**Directions for this task**
Output the lines from the one holding "#LivToGrow #LivLikeNoOther #LivGarden" to the end of the entries that follow, exactly and only those, minus any pictures.

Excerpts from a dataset
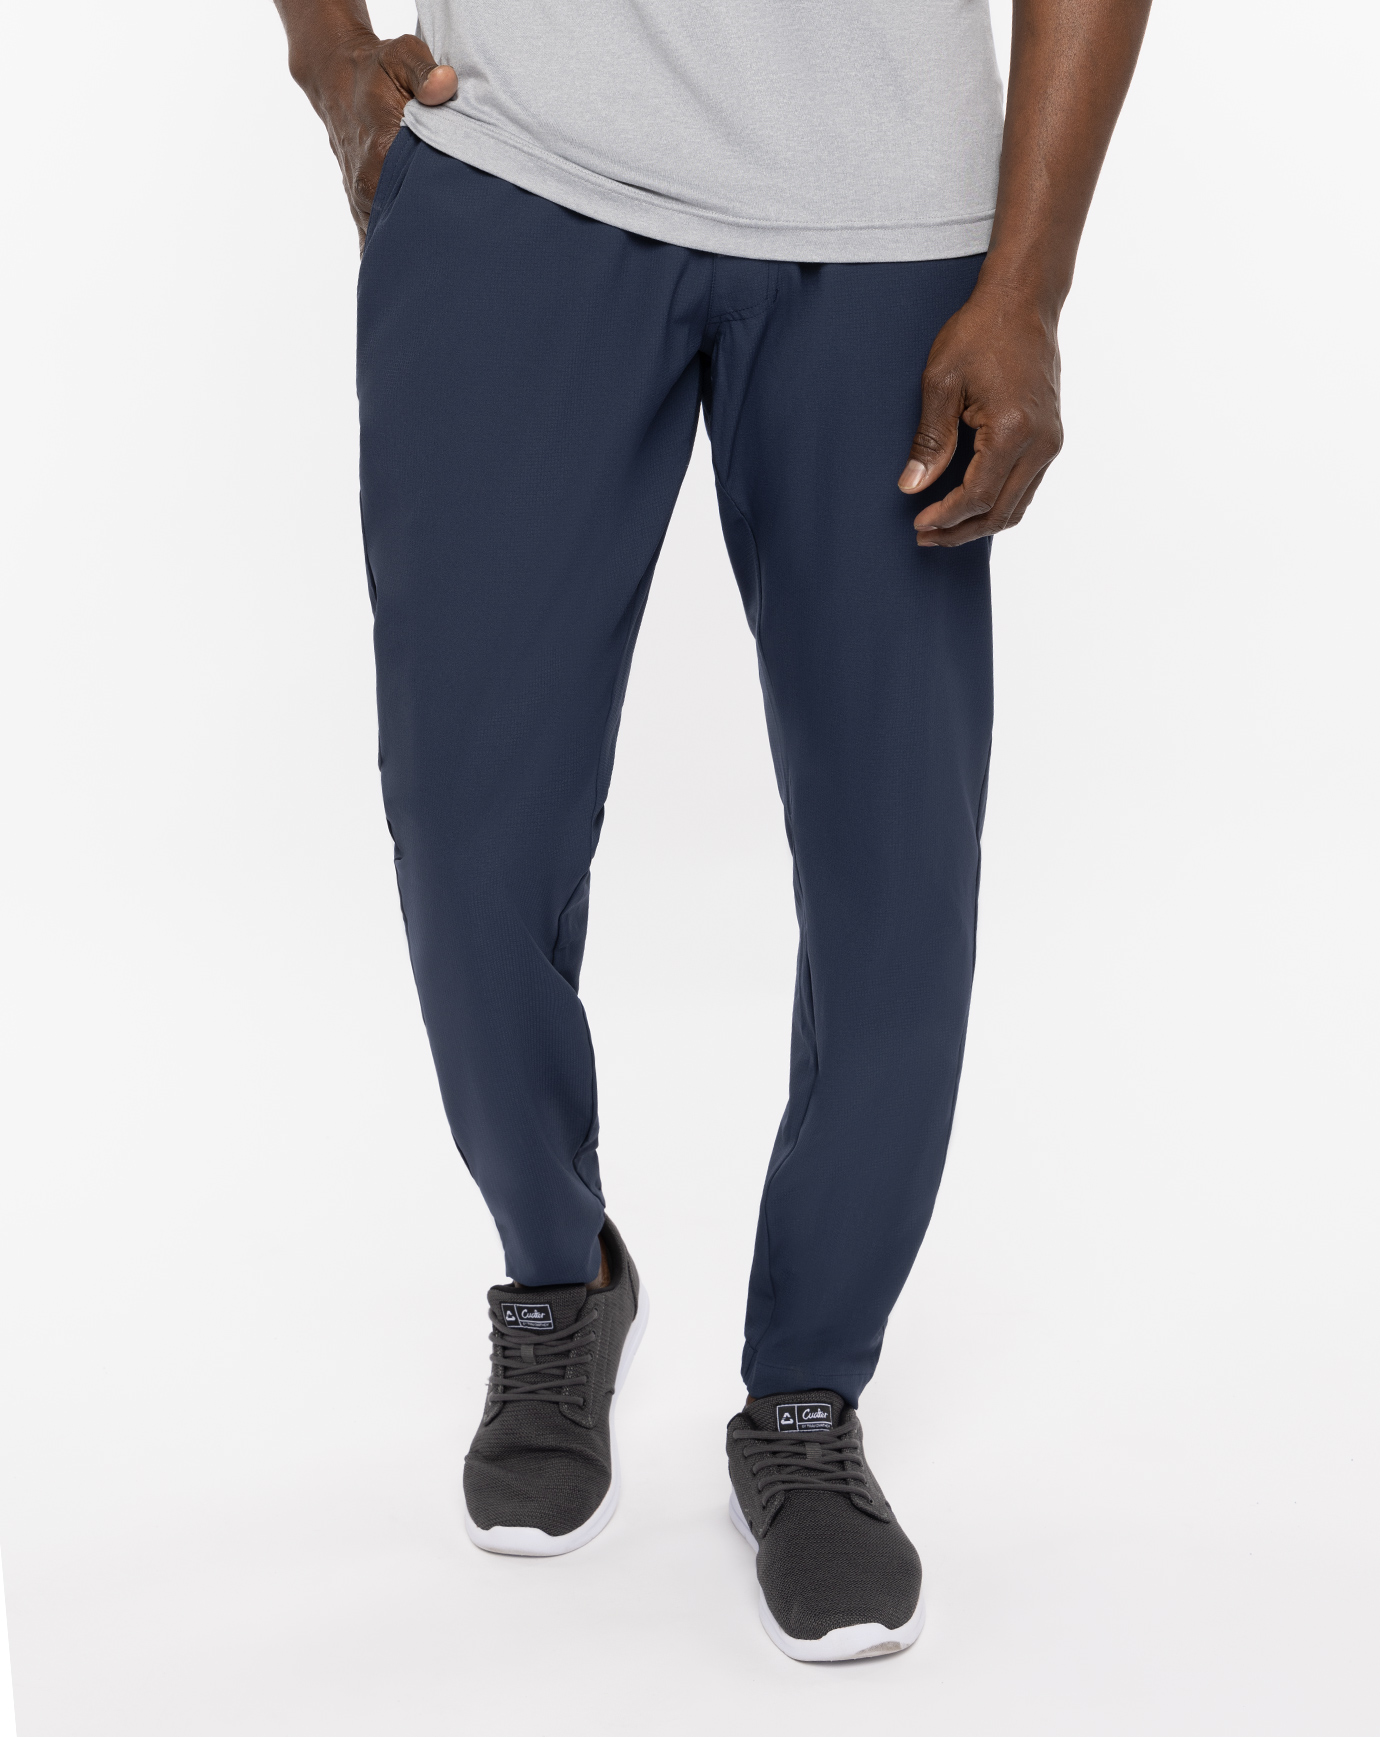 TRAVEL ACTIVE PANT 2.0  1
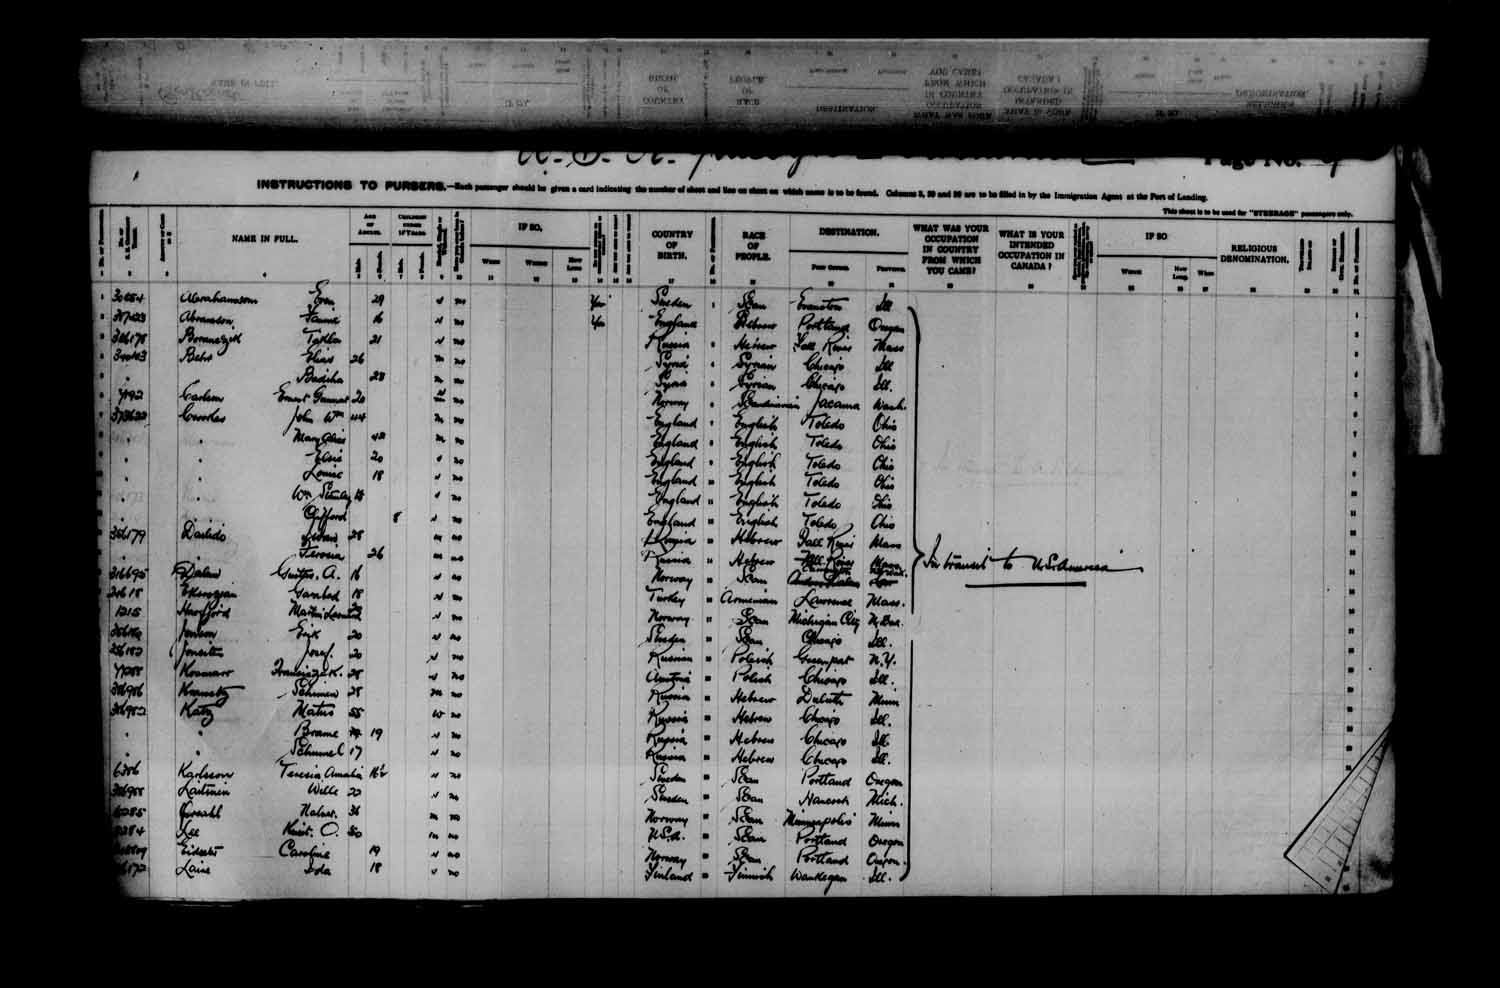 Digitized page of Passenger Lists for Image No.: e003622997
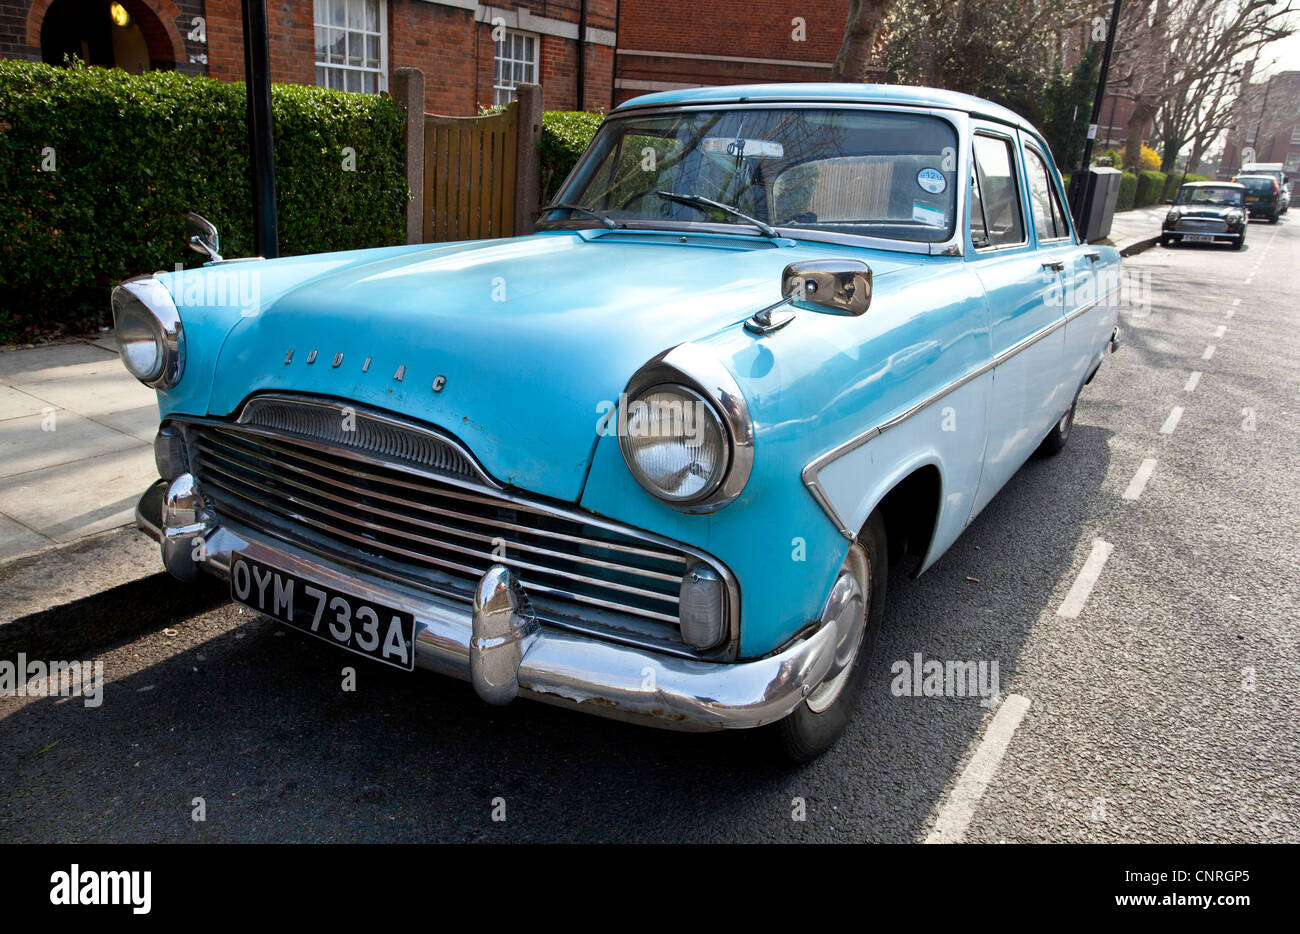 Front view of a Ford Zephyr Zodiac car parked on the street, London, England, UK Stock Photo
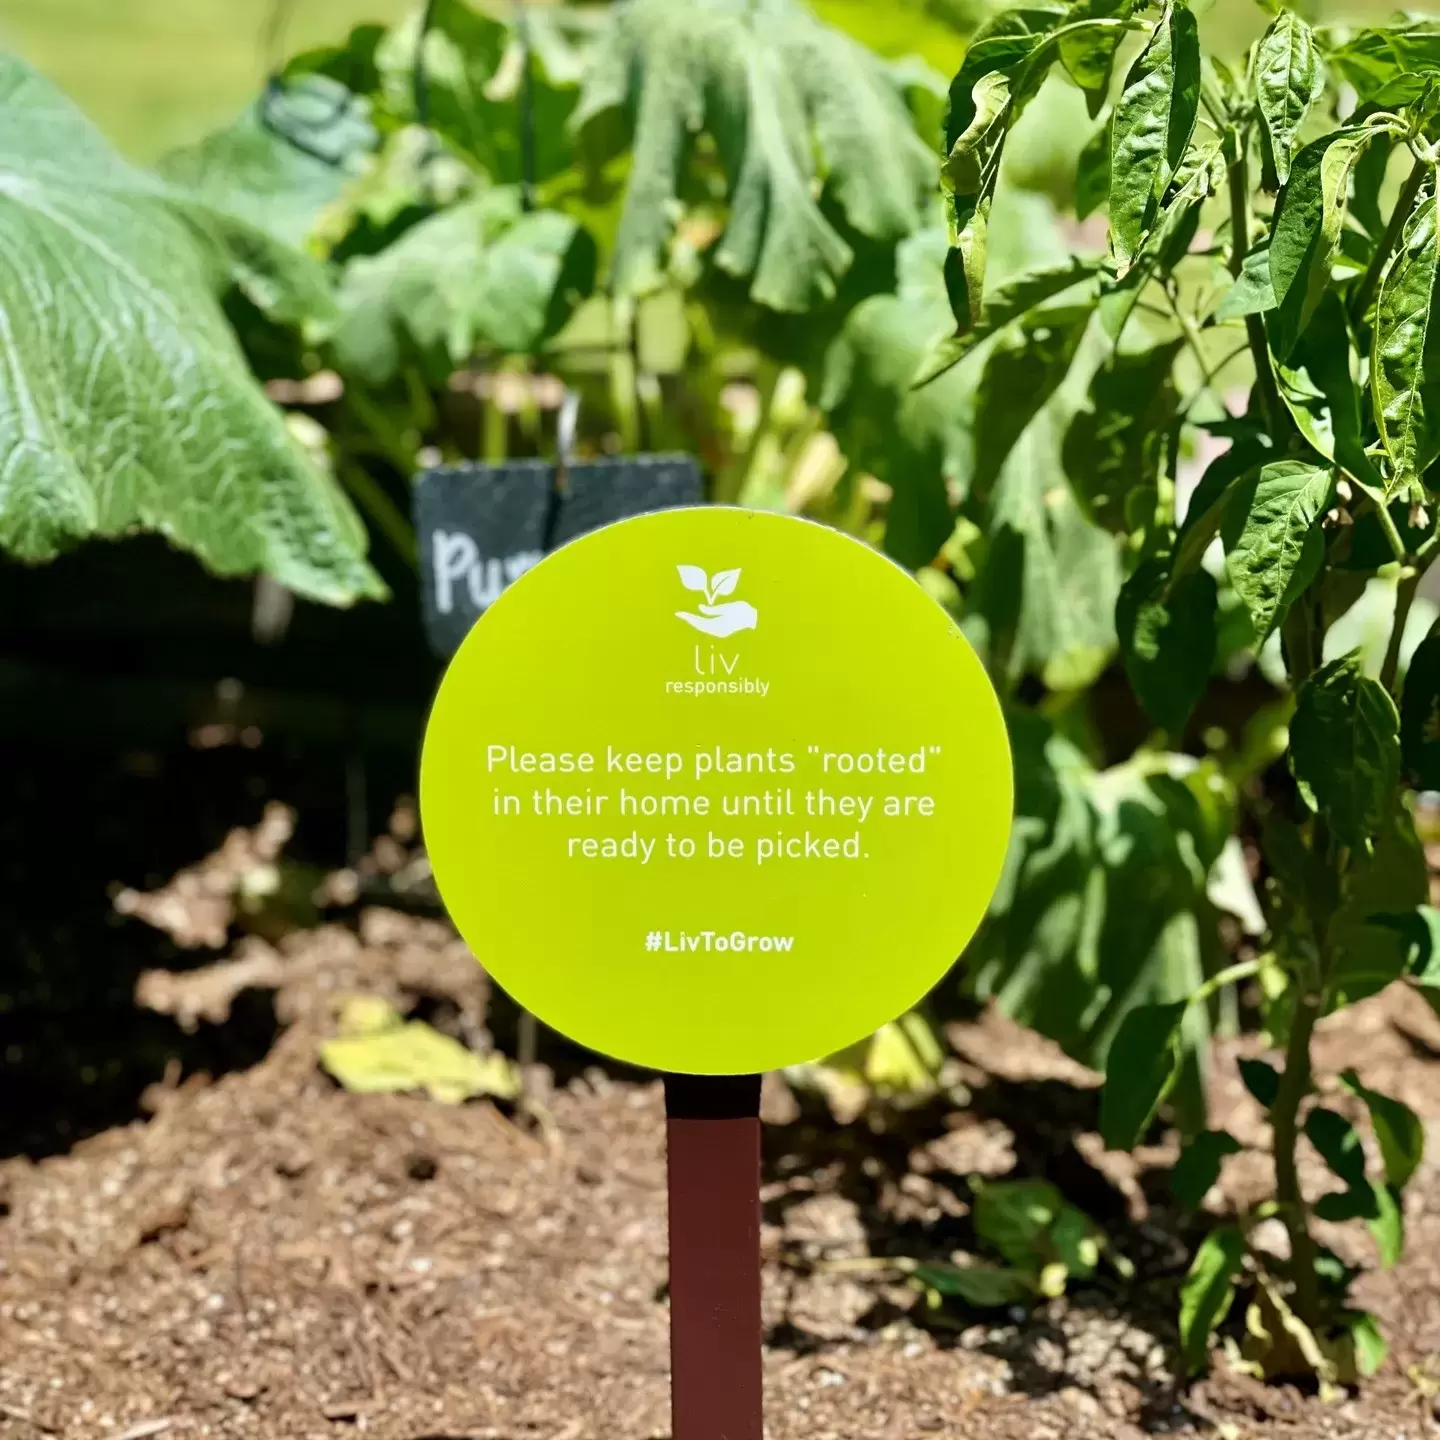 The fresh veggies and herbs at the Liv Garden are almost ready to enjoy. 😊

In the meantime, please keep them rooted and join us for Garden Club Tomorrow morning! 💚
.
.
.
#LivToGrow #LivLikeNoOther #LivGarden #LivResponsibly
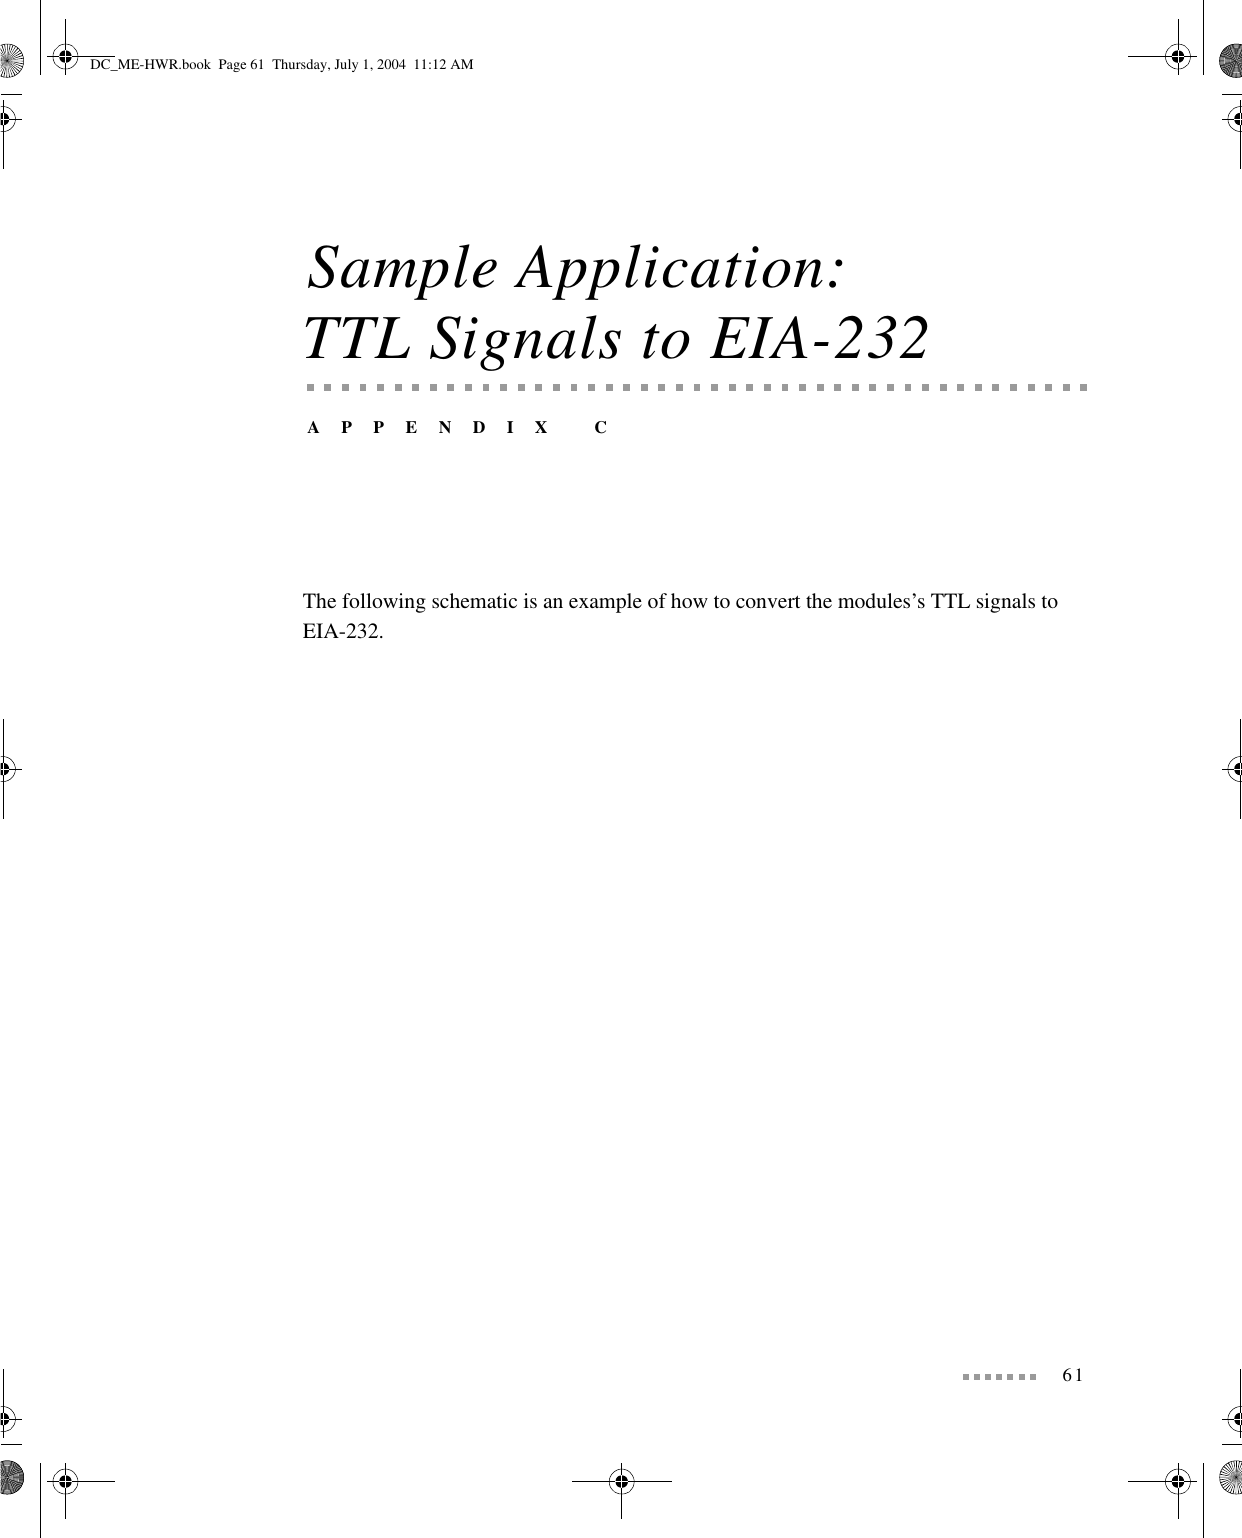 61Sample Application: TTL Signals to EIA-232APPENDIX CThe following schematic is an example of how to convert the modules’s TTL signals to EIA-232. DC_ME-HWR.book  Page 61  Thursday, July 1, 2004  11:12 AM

**Task result**
#LivToGrow #LivLikeNoOther #LivGarden #LivResponsibly
 61Sample Application: TTL Signals to EIA-232APPENDIX CThe following schematic is an example of how to convert the modules’s TTL signals to EIA-232. DC_ME-HWR.book  Page 61  Thursday, July 1, 2004  11:12 AM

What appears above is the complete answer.